Raqqa Museum is destroyed in air strikes by Syrian army warplanes on the ISIL-held northern city of Raqqa, Syria on November 25, 2014.

STRINGER / ANADOLU AGENCY / AFP

Introduction

L’Etat islamique a été créé suite à l’invasion de l’Irak par les Etats-Unis en 2003 et à la fusion du mouvement de Abou Mousab al-Zarkaoui, Jama’at al-Tawhid wa’al-Jihad avec al-Qaïda qui a permis l’émergence de al-Qaïda en Irak (AQI). Zarkaoui s’est attaqué à des chiites et à leurs lieux saints afin de provoquer une réaction hostile de leur part, entrainant du coup une guerre civile incontrôlable à laquelle les Américains vont être mêlés (1).

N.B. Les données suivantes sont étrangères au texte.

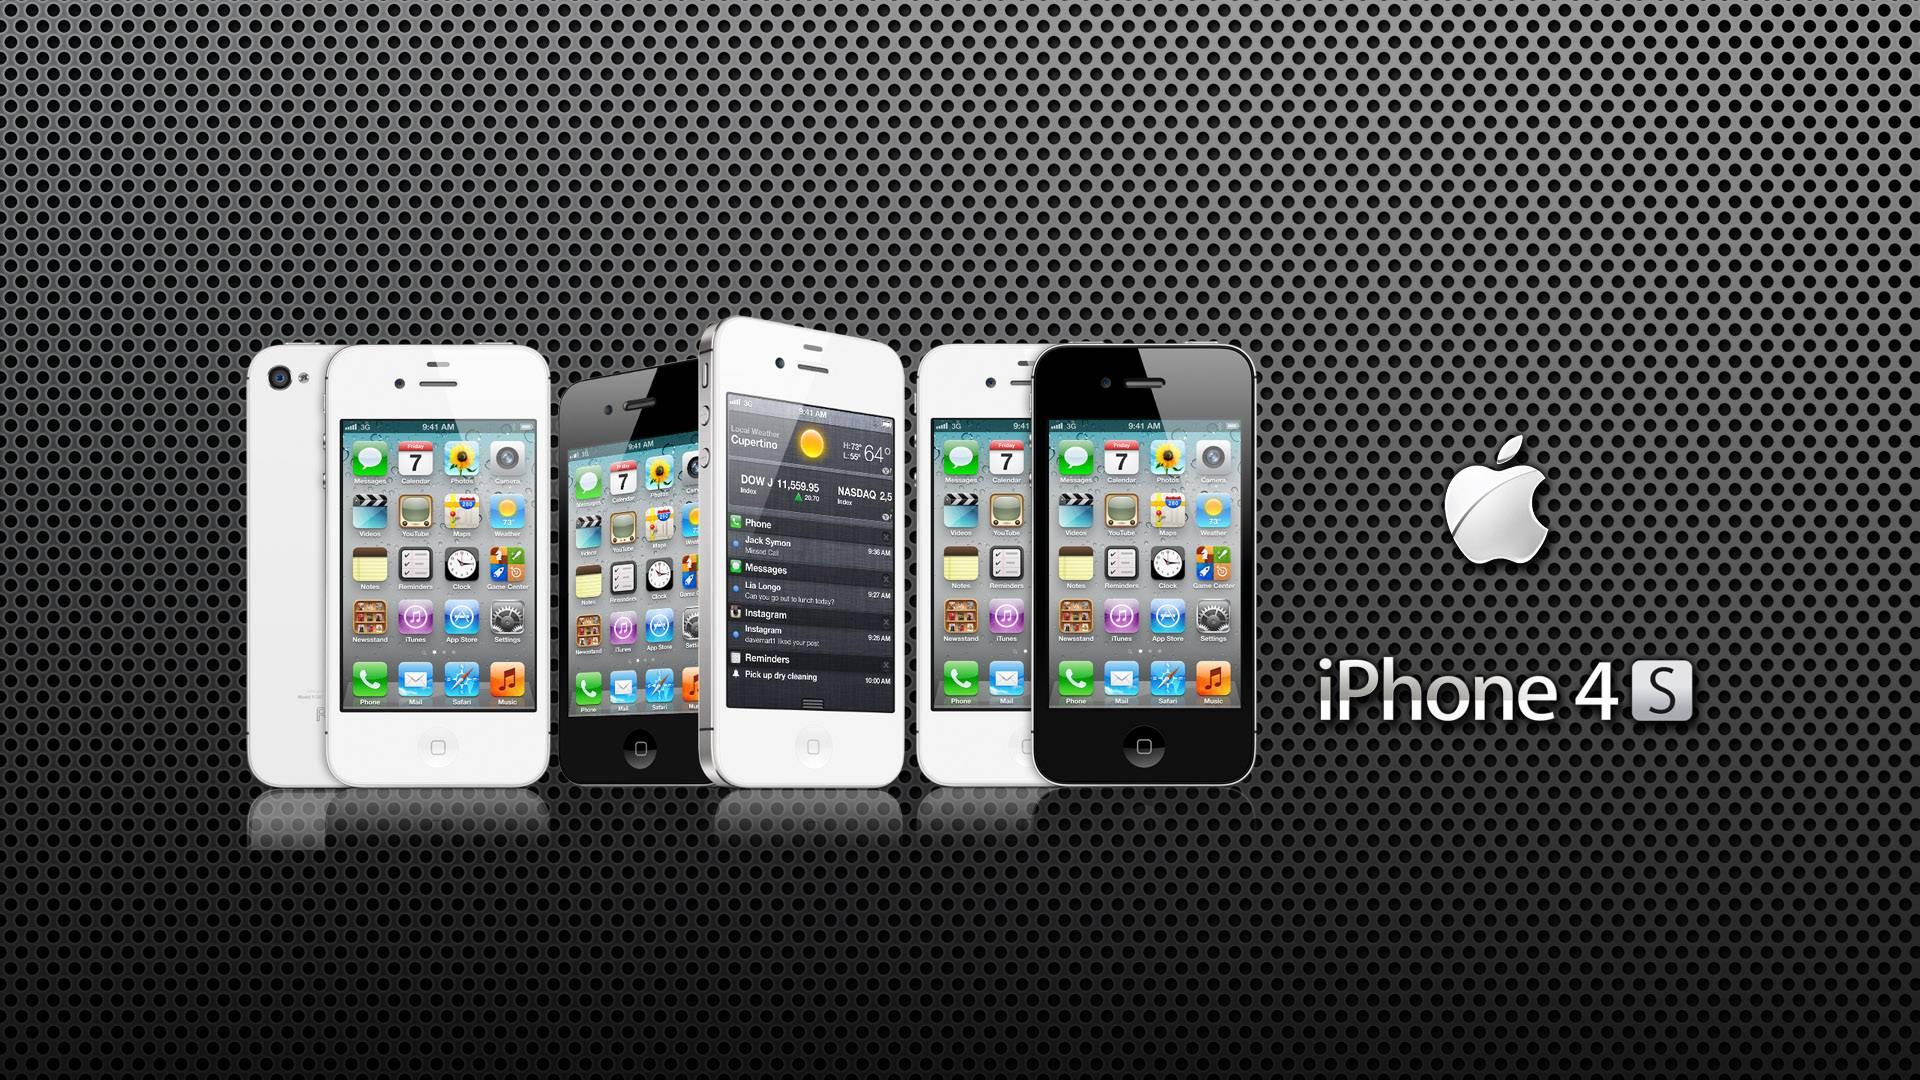 20954 apple apple iphonejpg 1920x1080

Zarkaoui a été tué par les Américains en 2006, AQI fut affaibli ce qui encouragea les tribus sunnites à se réconcilier avec le gouvernement du Premier ministre chiite Nouri al-Maliki installé en Irak avec l’appui des Américains. Par la suite, AQI a été rebaptisé Etat islamique d’Irak, puis Etat islamique d’Irak et de al-Sham (IS ou ISIS). Suite à ces restructurations, al-Qaïda a continué à agir comme un groupe indépendant dirigé par Ayman al-Zawahiri.

L’Etat islamique recouvre une grande partie des pays du Levant, à l’Est de la Méditerranée et a élargi ses ambitions depuis le déclenchement des printemps arabes en 2011. Par la suite, l’EI va se renforcer en soutenant la population sunnite en Irak et en Syrie. Le pouvoir du gouvernement al-Maliki va se raffermir suite au retrait américain de 2010 et va isoler les sunnites afin de les affaiblir davantage.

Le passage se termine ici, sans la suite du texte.